3 L of Vogel Medium N Agar was made using 60 mL of 50X Vogel Salts, 2.94L of deionized water, 45 g of sucrose, and 45 g of agar, mixed and heated to 90 ºC and stirred at 350 rpm for 20 minutes. The agar mixture was then autoclaved. After autoclaving, 150 mL of the Vogel Agar was poured into each of 18, 12” x 3” containers. Agar was left to settle and cool for 30 minutes.

Figure  1.  Experimental  Design.    Each  large  rectangle  with  thick outline  represents  a  container.    Within  each  container  are  two medium rectangles representing treated filter paper (light blue for distilled water, peach for unburned oil, brown for burned oil) that meet and slightly overlap in the middle of the container. At either end  of  each  container  are  small  rectangles  representing  the uncovered Vogel Agar that serves as the inoculation site.  The top row  of  containers  was  inoculated  with  wild-type  FGSC  2489 N. crassa and the bottom row was inoculated with mutant FGSC 13319 N. crassa.
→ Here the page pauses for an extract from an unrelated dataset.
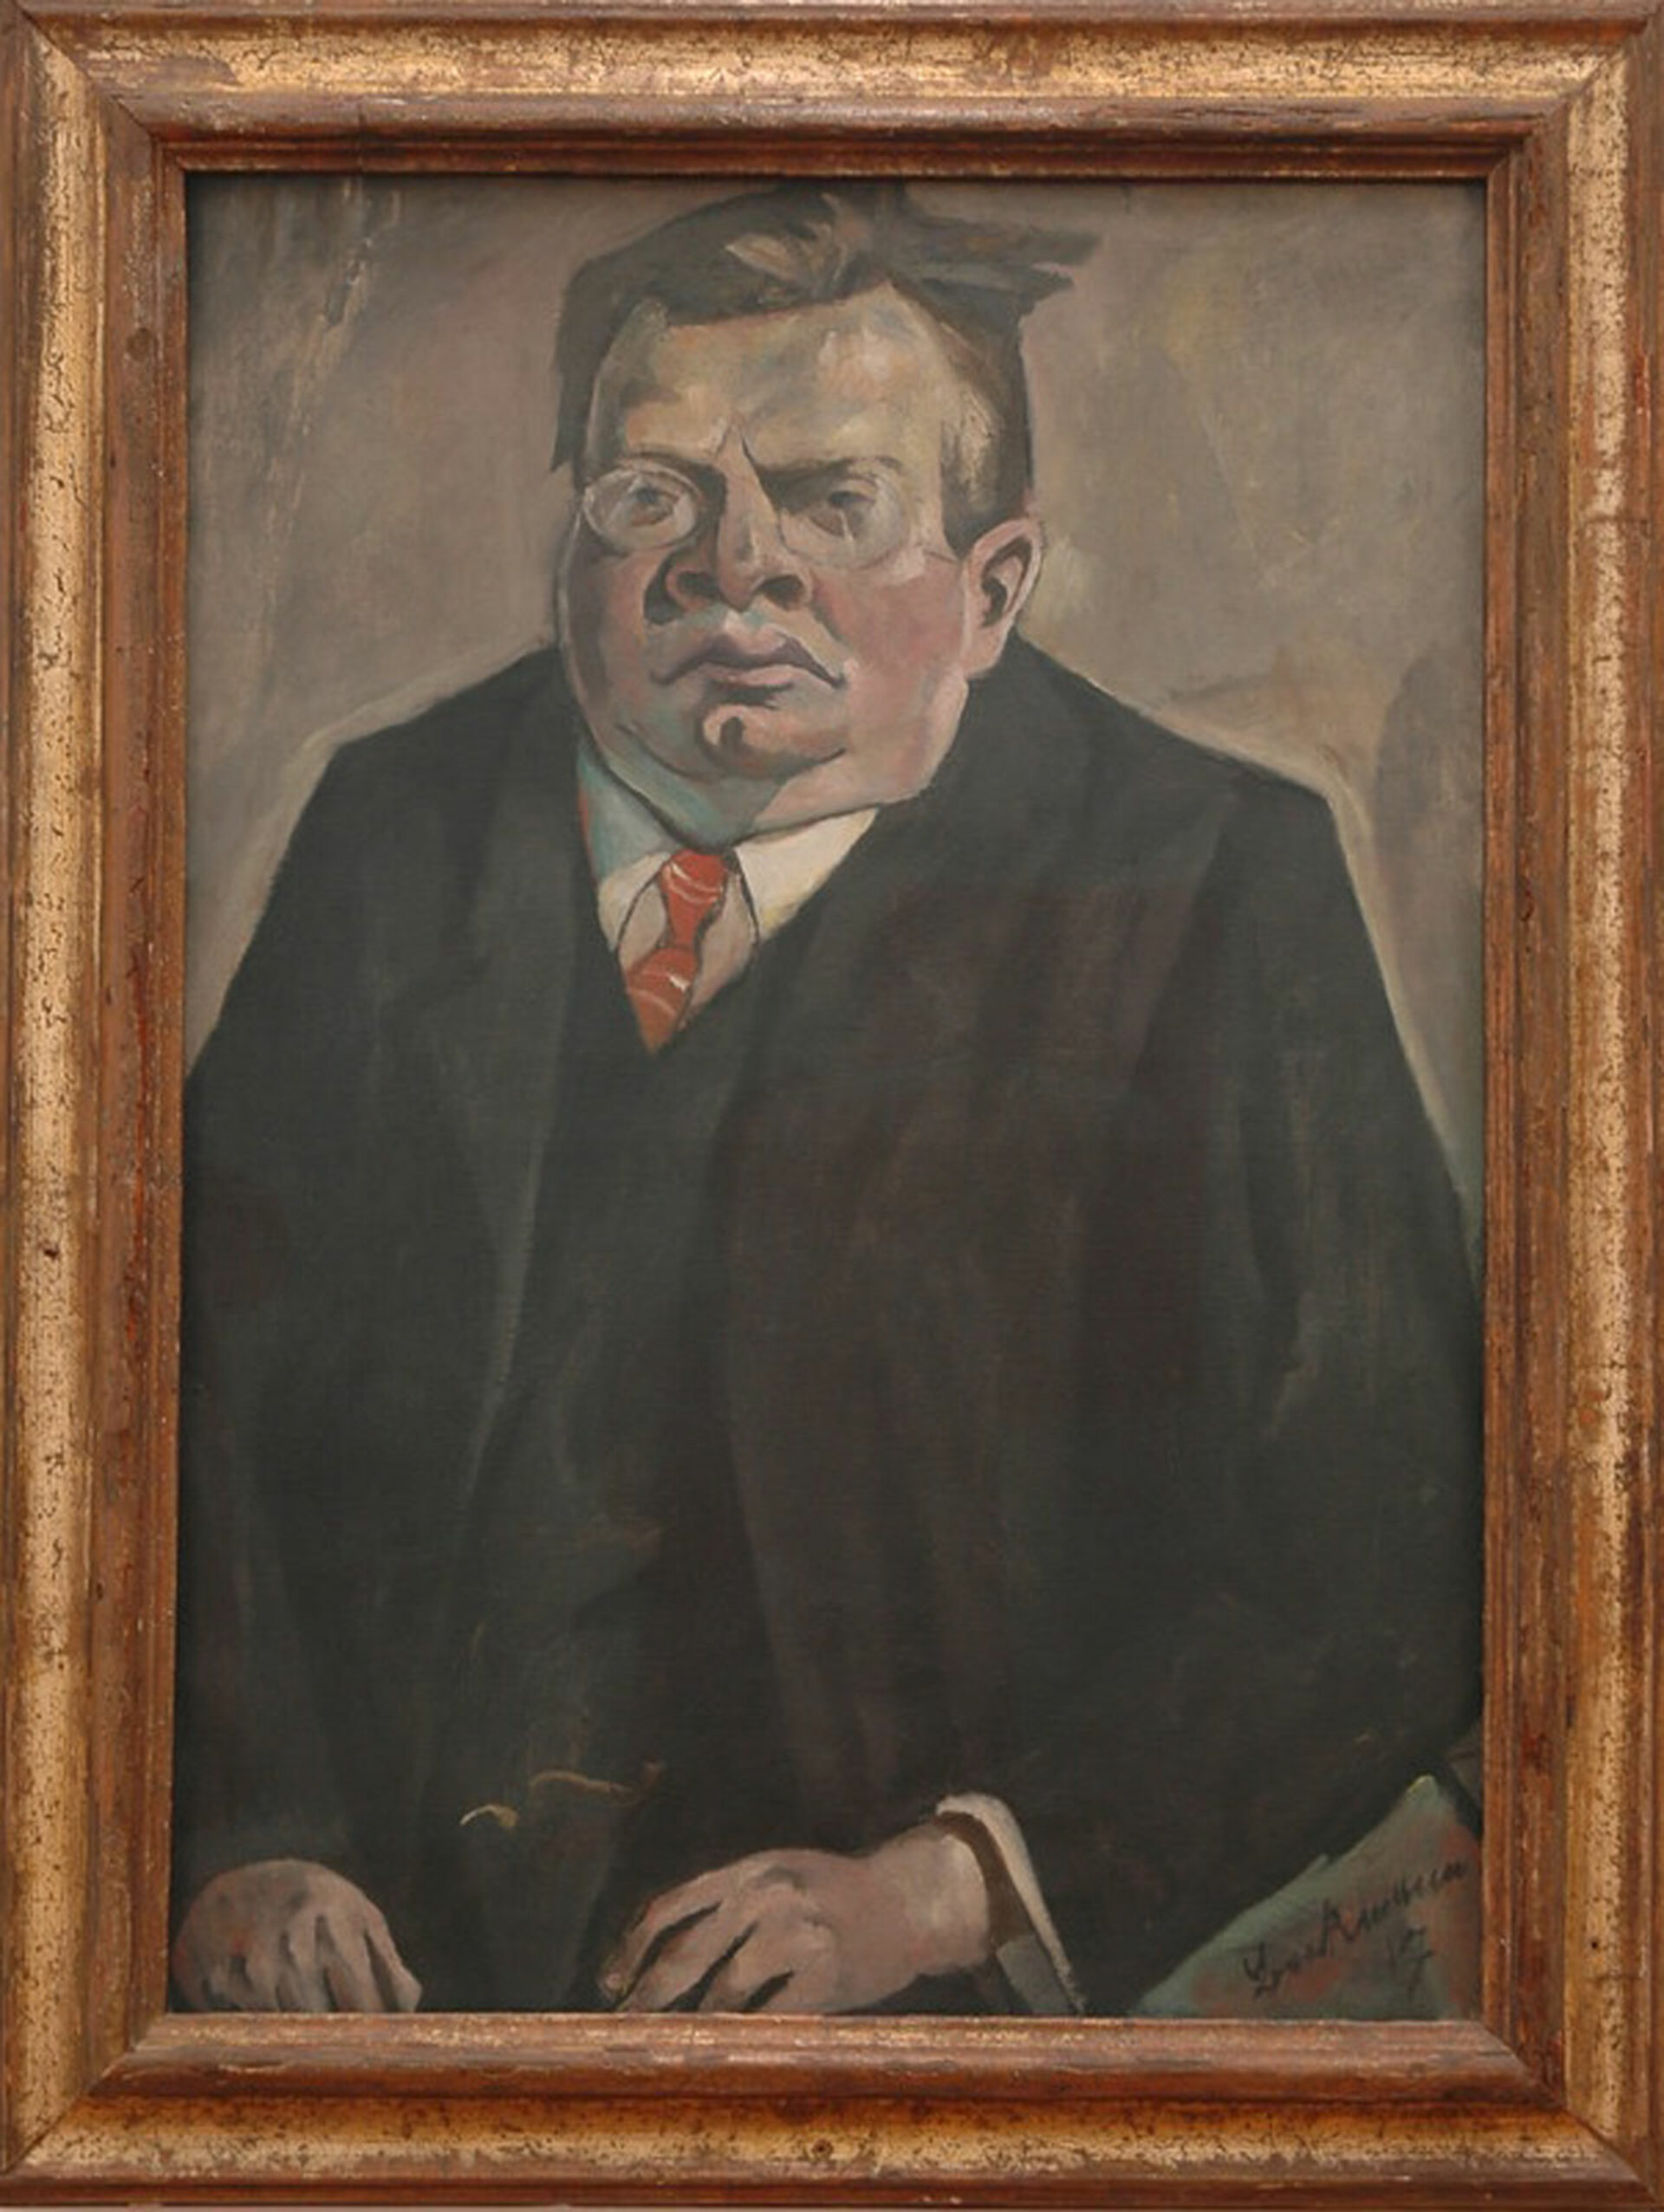 Max Beckmann, Bildnis Max Reger, 1917, Kunsthaus Zürich
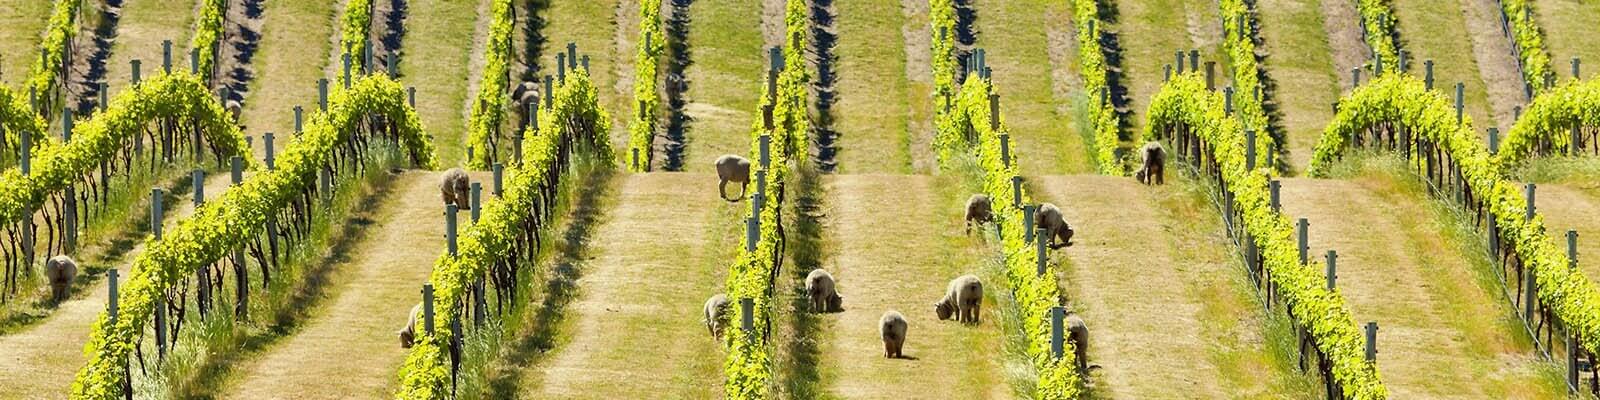 Découvrez notre collection de vins de Nouvelle-Zélande

Containers (large rectangles depicted in Fig. 1) were assigned their treatments. Half of the 18 containers were inoculated with wild type N. crassa FGSC 2489, and the other half were inoculated with FGSC 13319. Within each of these halves, 3 containers were assigned to a distilled water treatment, 3 were assigned to an unburned oil treatment, and 3 were assigned to a burned oil treatment, which was a mixture of unburned and burned oil in a 50:50 by volume ratio (the burned oil was diluted due to a lack of results in burned oil replicates in unreported pilot studies). There were two replicates within each individual container, for a total of 36 replicates, 6 within each treatment.

Filter Paper Treatment

For each container, two 7.62 cm x 12.65 cm filter papers (medium rectangles depicted in Fig. 1)  were soaked with 1.5 mL of the assigned treatment. A micropipette was used to pipet 100 μL in a 5 x 3 grid pattern. Each 100 μL increment was separated by 2.54 cm (1.27 cm from edge of filter paper), with three increments across the width (7.62 cm) of the filter paper and five down its length (12.65 cm). Two filter papers were placed in each container so that the filter papers only slightly overlap in the middle. Each edge of the container is then left with 7.62 cm x 2.54 cm uncovered Vogel Agar (small rectangles depicted in Fig. 1), which served as the inoculation sites. This gridding pattern ensures that the filter papers are saturated and not oversaturated and that the amount of treatment is normalized. Unburned oil was Pennzoil 550035091 Motor Oil Lubricant. Burned oil was taken from a car after an oil change.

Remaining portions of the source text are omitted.